Monday, October 31, 2016

BOOKS: THE VOYEUR'S MOTEL...

PEEKABOO - I SEE YOU
Talese is up to his old tricks again
by Don Stradley


Gay Talese has always been a voyeur of sorts. Granted, he bills himself as an "observer", or a "participatory journalist", but I've never known what to make of a guy who gets a job managing a massage parlor and then spends a year diddling his neighbor's wife, all so he can write a book about America's sexual mores. His dried out, buttoned up writing style, a leftover from his days at The New York Times, made his books seem less prurient, I guess, but I've never been persuaded that he's not an outright pervert. Just because your subject knows you're watching him doesn't make you any less of a peep artist. Talese's latest, The Voyeur's Motel, is a lightweight effort, something like a long suppressed, bad-tasting burp, but it's subject is voyeurism, which makes it intriguing when you consider Talese's history as a sort of gentleman perv.

The book's star is Gerald Foos, a Colorado man who bought a highway motel to satisfy his lifelong fascination with watching what people do in private. Foos outfits the place with special vents that allow him to see inside various rooms; he takes notes on what he sees, stopping now and then to pleasure himself as he watches. Over the years he witnesses rapes and incest, as well as a rise in lesbianism, wife swapping, and interracial coupling. He even witnesses a murder, which he doesn't report because he doesn't want the police to know he's been watching couples from his attic perch. Yes, he's a real creep. Still, he craves respect and validation, which is why he started sending his notes to Talese in 1980.

Talese represents Foos as a kind of well-meaning lummox - he's as human as any of us, with his various family problems, money struggles, and his collection of baseball cards - but it's difficult to get behind a guy with such an unsavory interest. Foos likes to pass judgment on his customers, and if they aren't sexy enough he gets angry. He offers weak excuses for his hobby, saying that all people are voyeurs, and that peeking at his customers is no worse than how the government keeps track of us with technology and surveillance cameras. Mostly, Foos doesn't want us to judge him, though he loves to judge others, and even sets traps to test their honesty.

The relationship between Foos and Talese is tricky. Foos obviously wants Talese as a friend, while Talese sees Foos as a possible subject to write about. Foos won't allow Talese to use his real name, so that ruins Talese's plan. It was only recently that Foos, now in his 80s, agreed to let Talese tell his tale. "I think of myself as a pioneering sex researcher," says Foos, though he worries that some people may just see him as a weird old pervert. Too bad so much of his note-taking sounds less like the Kinsey report and more like an old issue of Penthouse Letters, complete with references to "dense forests of pubic hair," and his own "constant yearning and unquenchable desires." He also likes to watch women shit.

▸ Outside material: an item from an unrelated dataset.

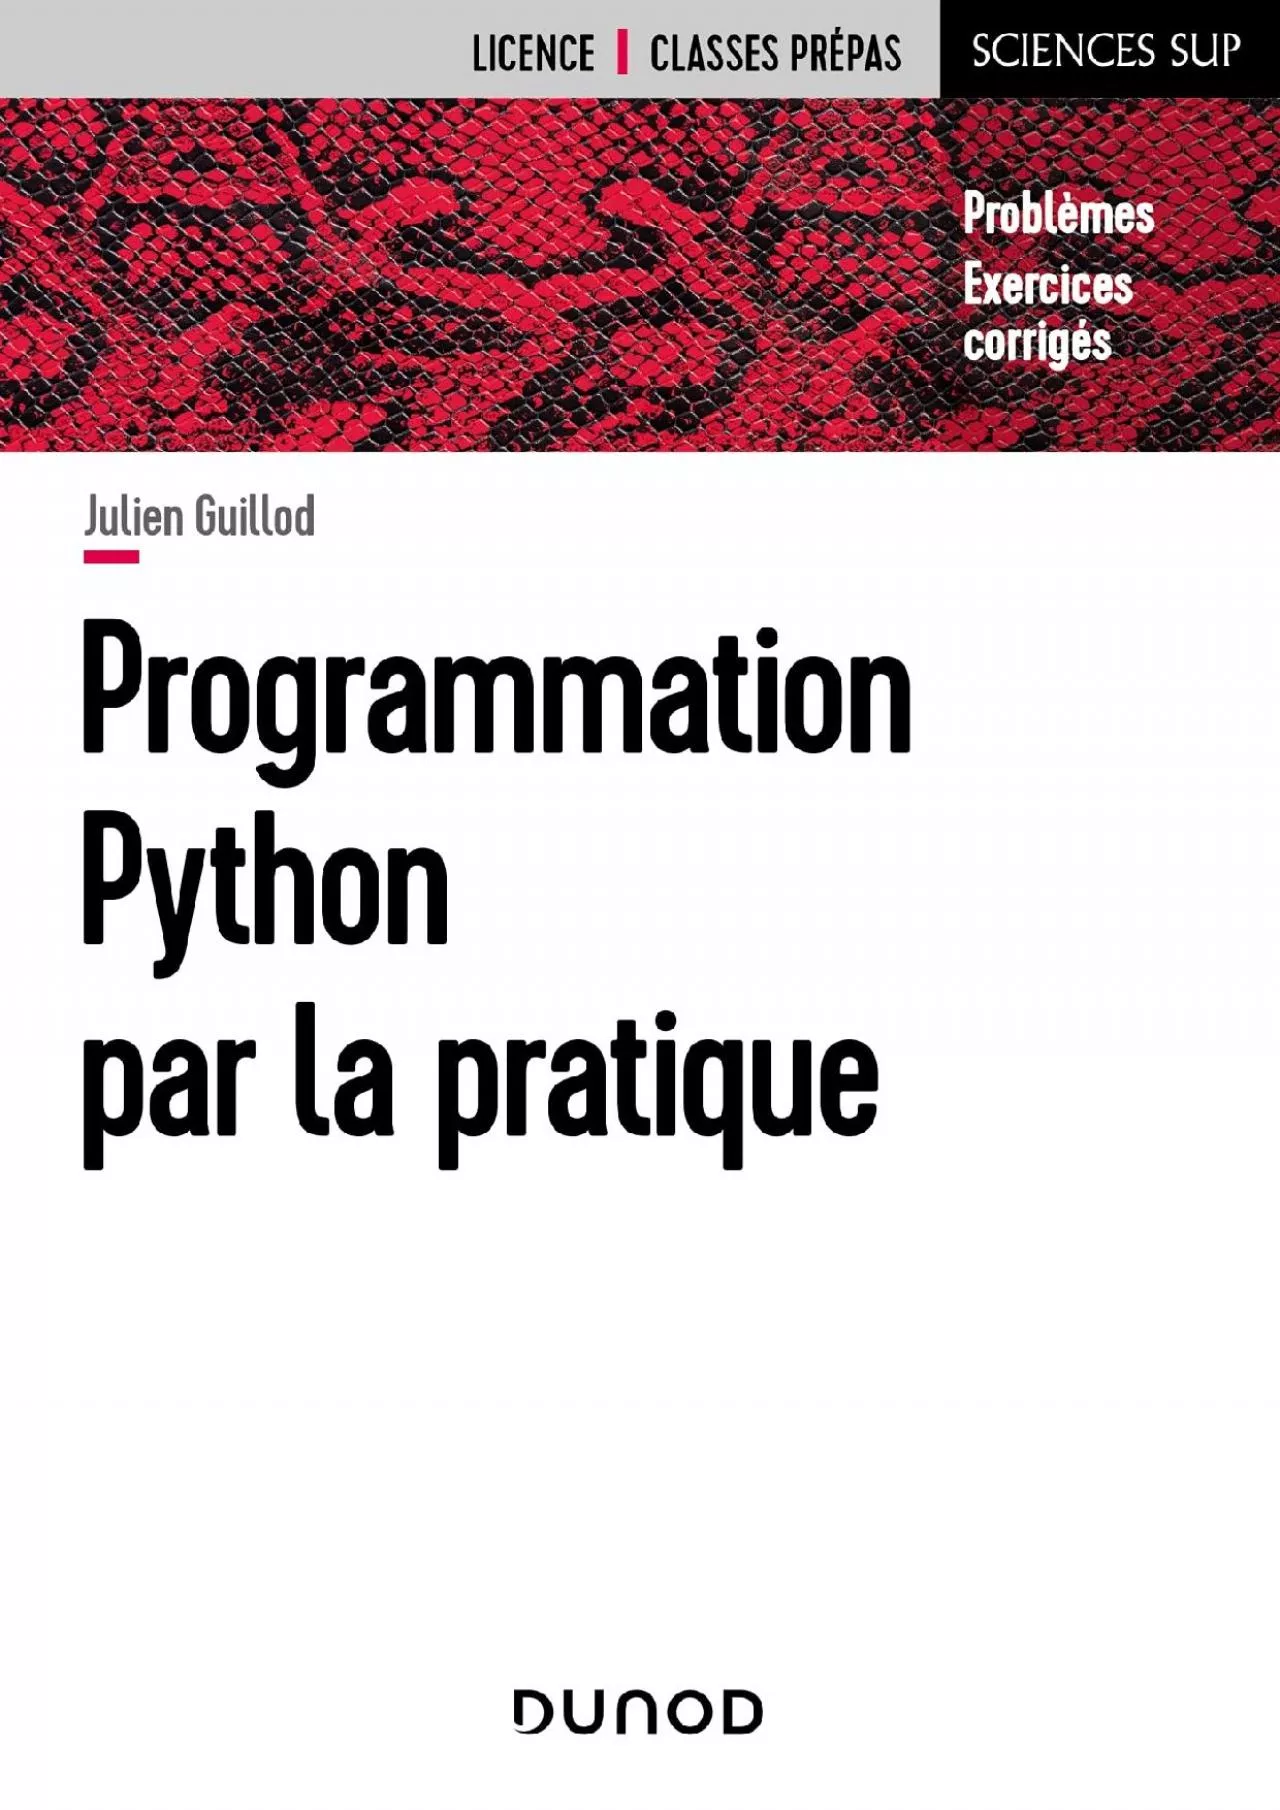 [READING BOOK]-Programmation Python par la pratique - Problèmes et exercices corrigés:

Talese finds some humor in the story. Foos is nearly caught a few times, and there's a funny moment when Foos invites Talese up to see how the vents work.  And some of the events Foos reports on are poignant, such as when he watches a legless Vietnam vet try to have sex, or when an aging couple realizes their relationship has lost its spark. These scenes play out like episodes from a Raymond Carver story; they're touching even within Foos' clumsy notes. 

I've heard that Hollywood has grabbed this book up for a potential movie, and I think a good director can do something with it, something along the lines of Robert Altman's Shortcuts. But as a book, it feels as slight as a dirty napkin. Foos' conclusion that people are filthy and dishonest is probably true, but I could've told him that without spending decades in a hotel attic, watching a bunch of sweaty travelers cheat on their spouses, dress up as sheep, and gobble each other's naughty bits.